The night crackles as the storm of flitting moves off. We jump up and down and hug each other, tension leaking out. We chat and look at the sky, sparkling with Orion, Seven Sisters and the Plough. This is us, standing here. All the best part of us, and another moment etched in our memories, to be invited back and relived in conversations for years to come. Remember that night, when fluttering stars calmed a storm in all of us.Dara McAnulty, Diary of a Young Naturalist
part of the miracle of McAnulty’s writing is that he writes as evocatively about his neurocognitive otherness as he does about the dandelions, the otters, and the caterpillars. he is something of a spelunker into the unexplored wilds of the world seen through an asperger’s lens.

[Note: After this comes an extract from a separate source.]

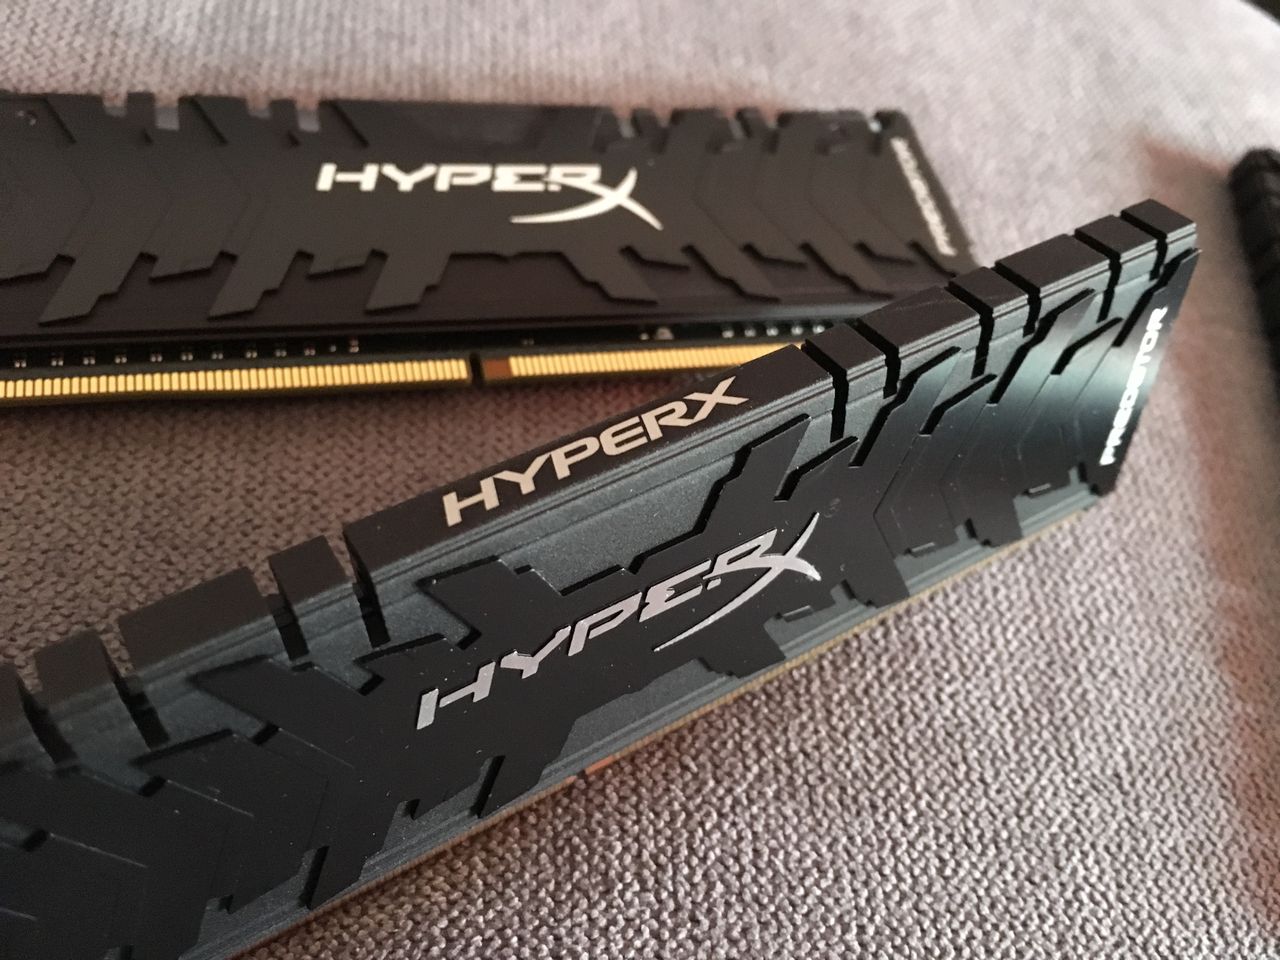 HyperX Predator DDR4 RGB, czyli wydajna pamięć z RGB

again, from the prologue, where he writes matter-of-factly:
“Not only is our family bound together by blood, we are all autistic, all except Dad [a conservationist] — he’s the odd one out, and he’s also the one we rely on to deconstruct the mysteries of not just the natural world but the human one too. Together, we make for an eccentric and chaotic bunch. We’re pretty formidable, really. We’re as close as otters, and huddled together, we make our way out in the world.”
he writes, bracingly, about being bullied. about how, under the fluorescent lights of a classroom, he feels “boxed in, a wild thing caged.” he writes of the foul-mouthed insults hurled his way. simply because he’s not like the others.
i’d say he’s beyond them.
reading his stripped-bare sentences, my eyes stung with tears. and in his aloneness, i felt the walls of my own heart reaching toward his. i found not merely comfort, but the rarest of company.
how blessed is the world that from his distant landscape of otherness, he makes art from life’s murkiest shadows to its patches of purest white light.
McAnulty’s latest book, wild child: a journey through nature, a multi-sensory jaunt through the wilds especially for children, was published last summer, and described as a “dreamy dive” into the natural world. he’s planning another book about his wanderings around ireland, connecting nature with myth. i’ve taken a number and am already standing in line for that one.
for i’ve found, in the pages gloriously inscribed by a boy who writes in tender tones, who sees the world in ways that make me truly see, a kindred spirit, a diarist who makes me feel safe and warmed in the clutches of this holy, holy earth.
what are the titles that bring you comfort in these trying times? and how precisely do they do so?